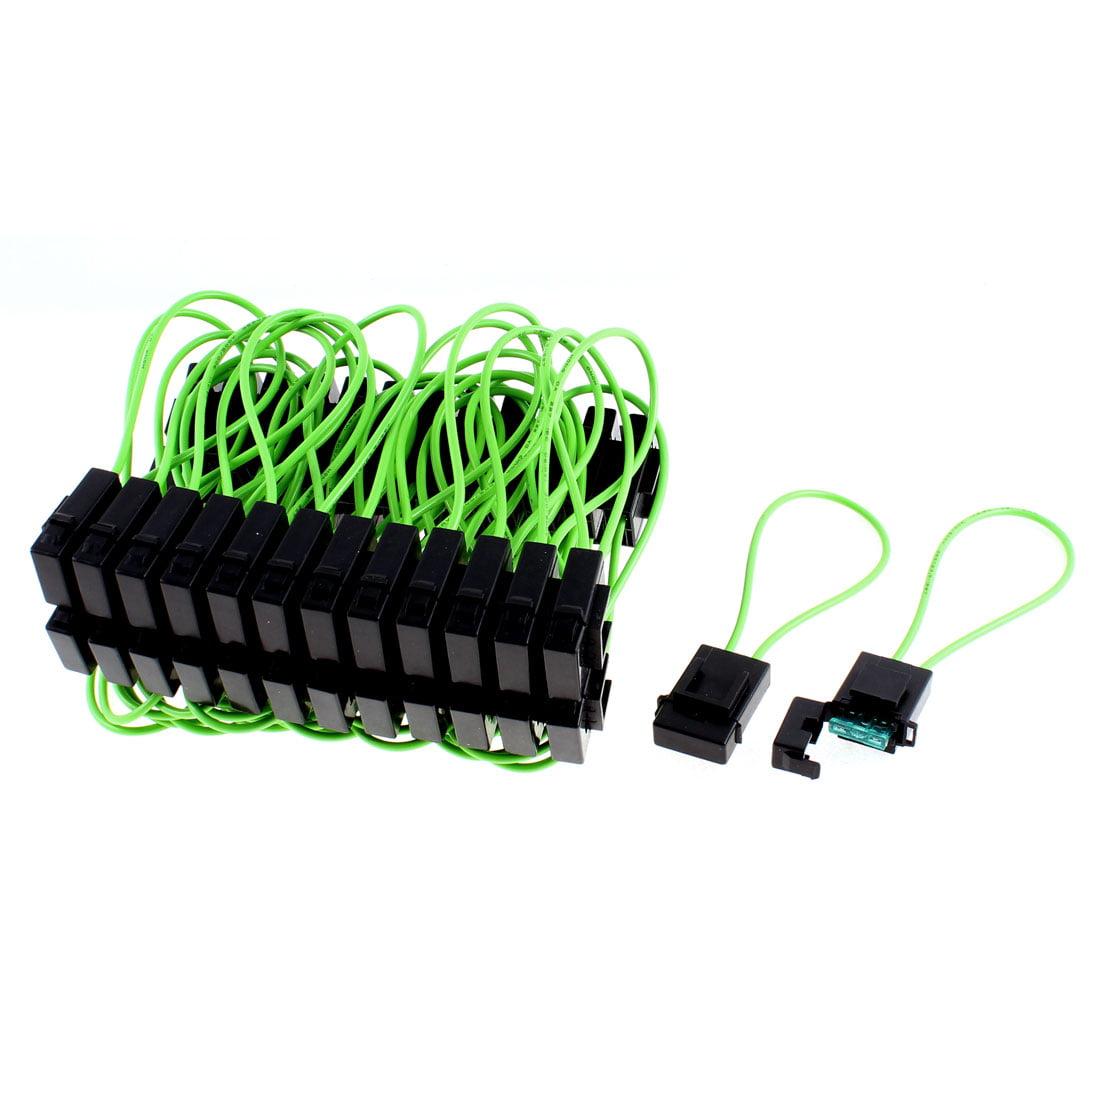 Unique Bargains 50 x Black Green Car Sound Audio Inline  Fuse Holder Block 30A - image 3 of 3
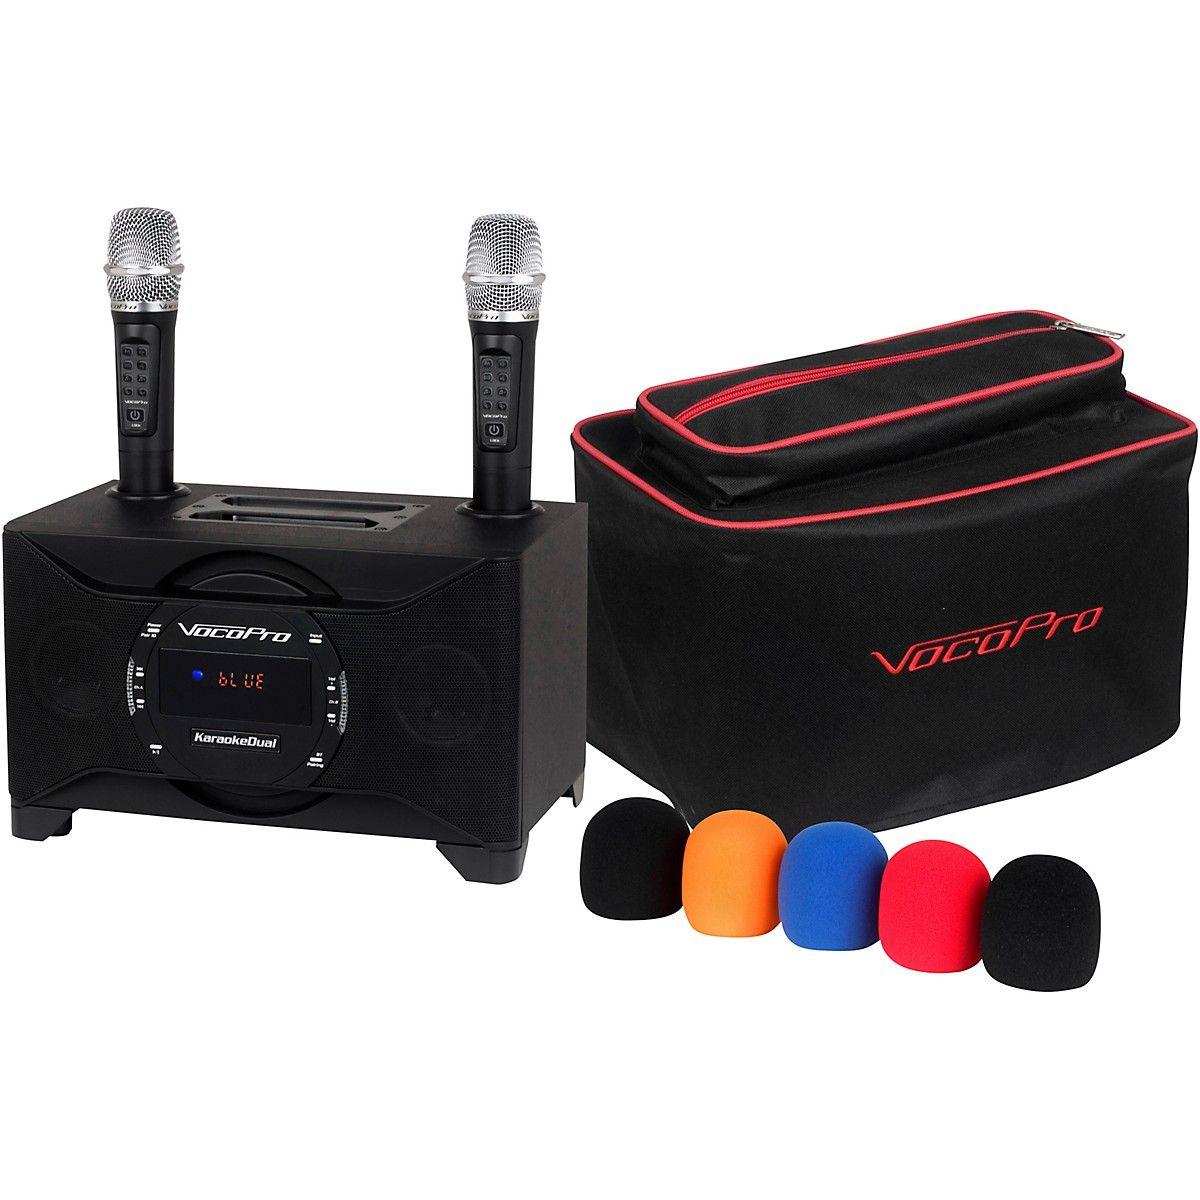 VocoProKaraokeDual-Plus Karaoke System with Wireless Microphones and Bluetooth
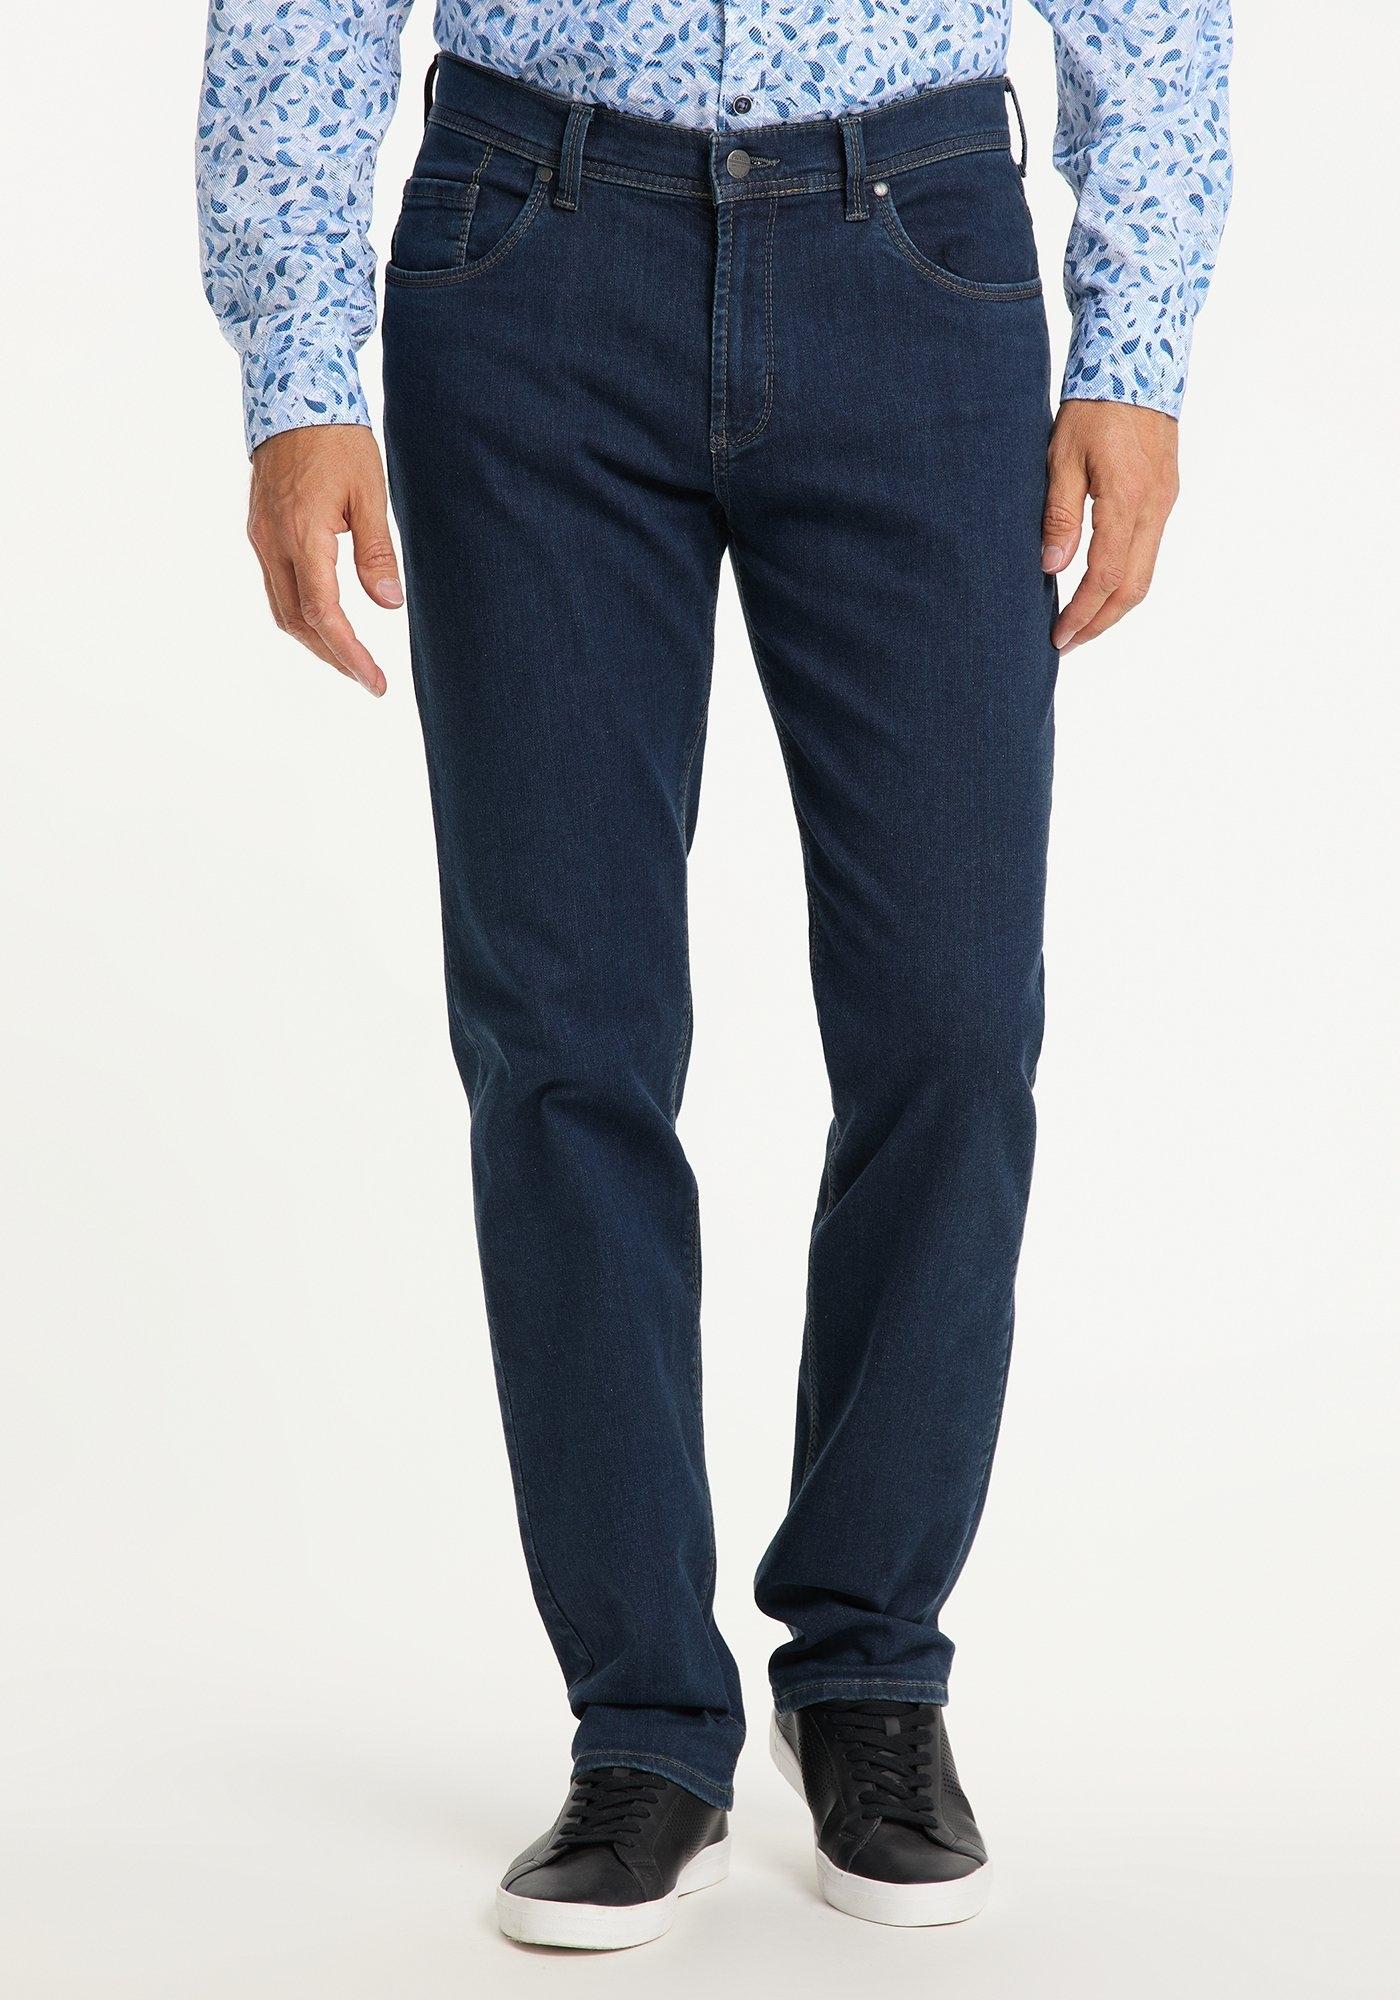 Pioneer Authentic Jeans 5-pocketsjeans »THOMAS HIGH PERFORMANCE Megaflex« veilig op otto.nl kopen
━━━━━━━━━━
Exercise goal: Since the pictures are not wanted, give the material again exactly without them.

Exercise response:
 Unique Bargains 50 x Black Green Car Sound Audio Inline  Fuse Holder Block 30A - image 3 of 3
 VocoProKaraokeDual-Plus Karaoke System with Wireless Microphones and Bluetooth
 Pioneer Authentic Jeans 5-pocketsjeans »THOMAS HIGH PERFORMANCE Megaflex« veilig op otto.nl kopen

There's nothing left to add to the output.